Stored data:
= Beginning of Section =

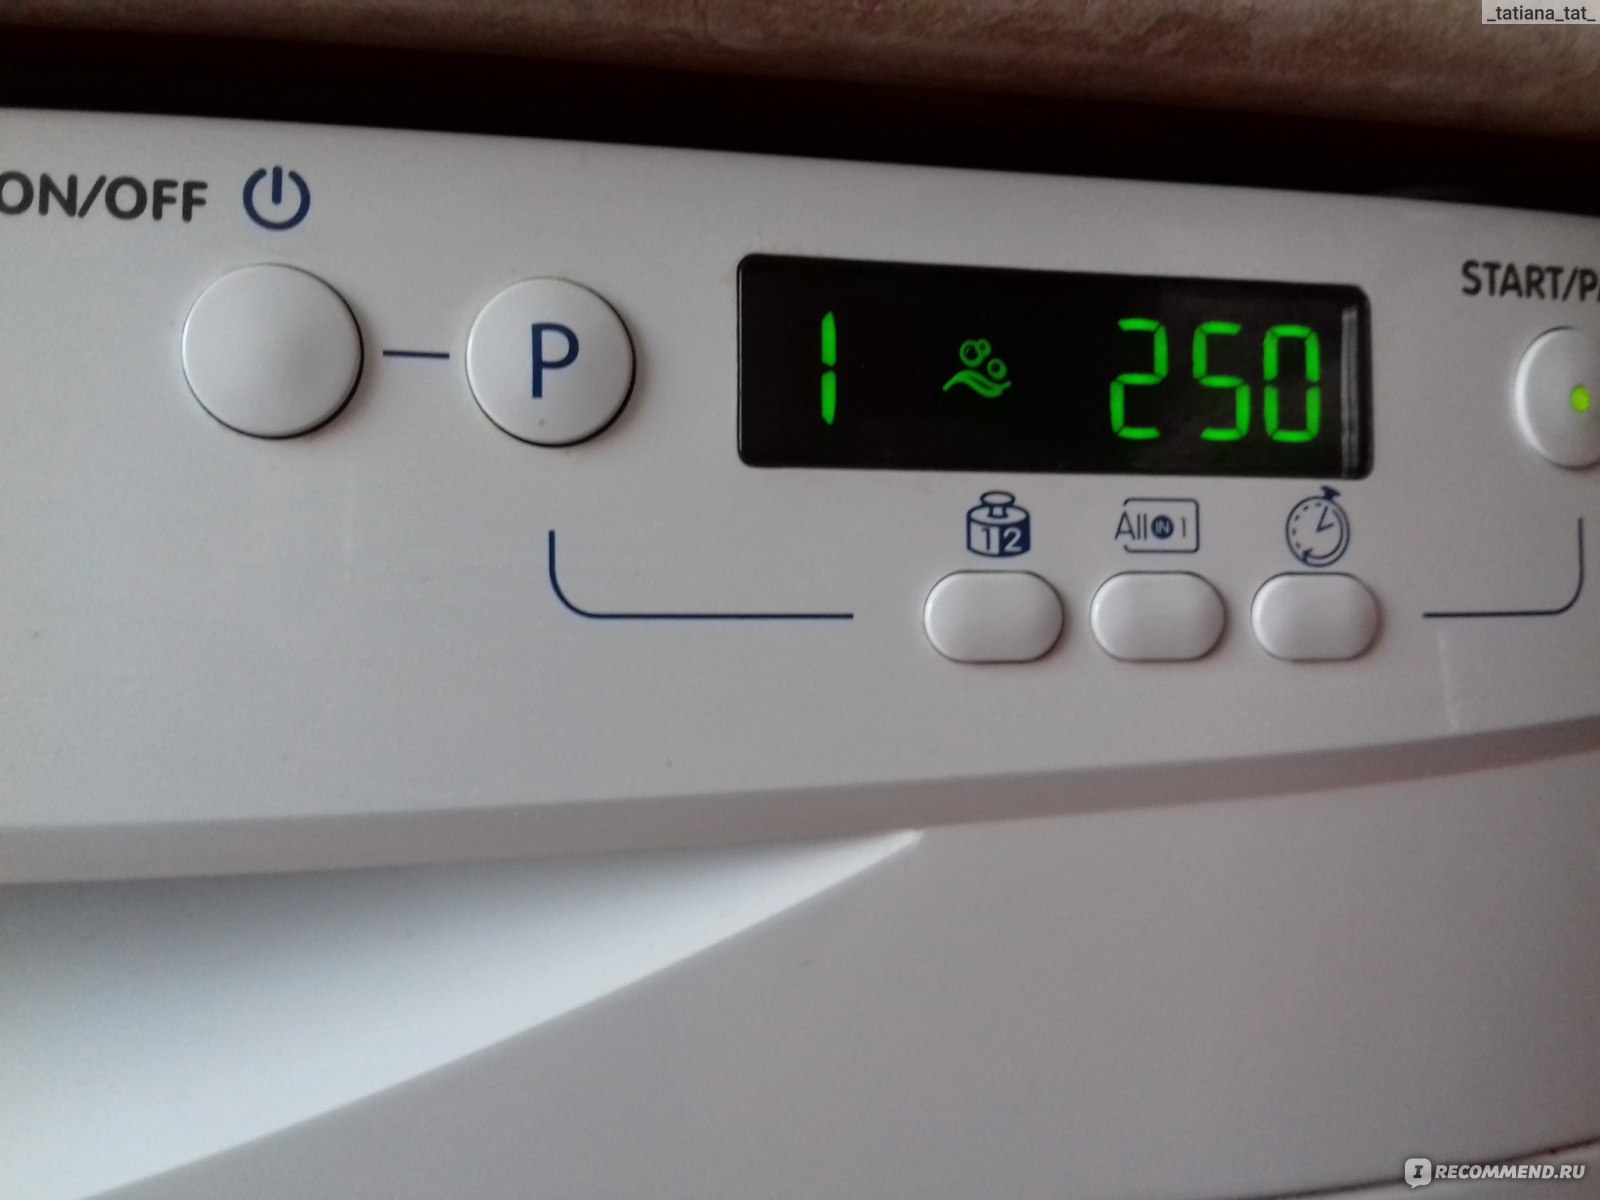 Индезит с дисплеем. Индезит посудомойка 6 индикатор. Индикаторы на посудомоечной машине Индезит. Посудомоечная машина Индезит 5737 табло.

= End of Section =
= Beginning of Section =

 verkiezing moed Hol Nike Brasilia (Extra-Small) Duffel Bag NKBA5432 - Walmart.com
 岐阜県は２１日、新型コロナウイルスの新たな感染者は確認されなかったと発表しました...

= End of Section =
= Beginning of Section =

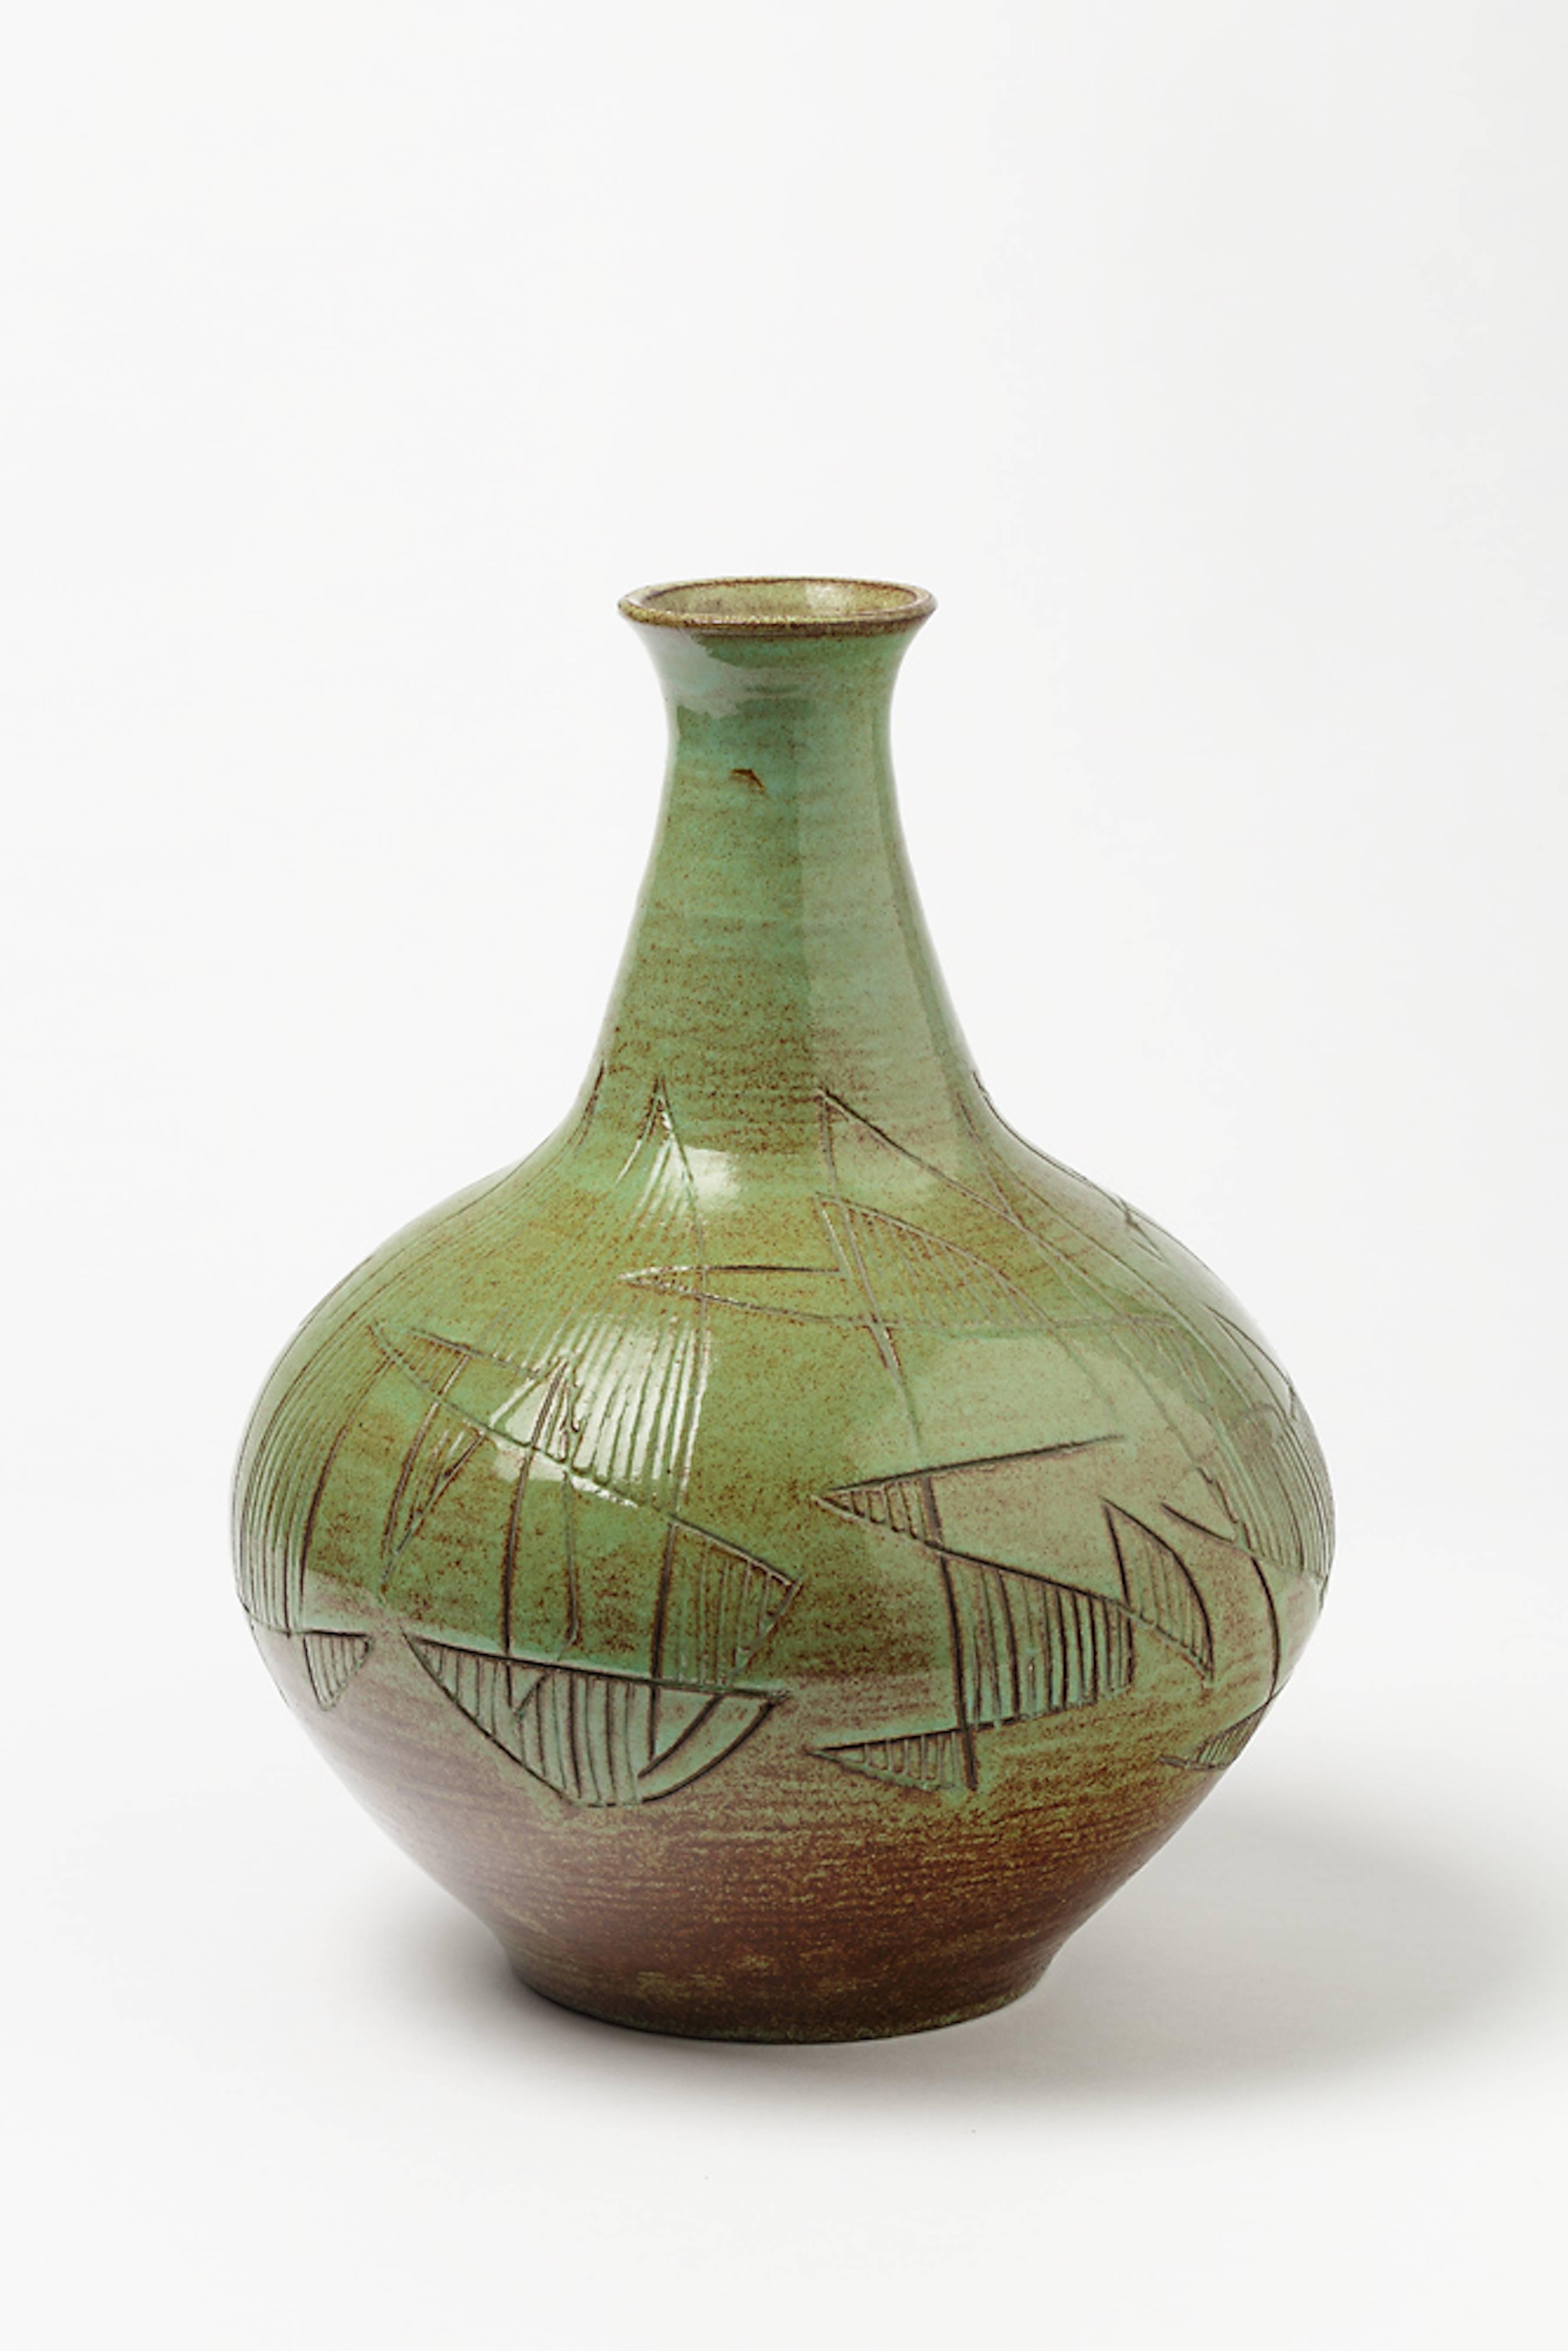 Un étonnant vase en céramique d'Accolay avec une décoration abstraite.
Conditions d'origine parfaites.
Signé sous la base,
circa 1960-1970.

= End of Section =

Problem to work on: Exactly the lines above from the one with "Conditions d'origine parfaites." to the one with "circa 1960-1970.", both included, are to be quoted; leave the rest out.

Response to this task:
Conditions d'origine parfaites.
Signé sous la base,
circa 1960-1970.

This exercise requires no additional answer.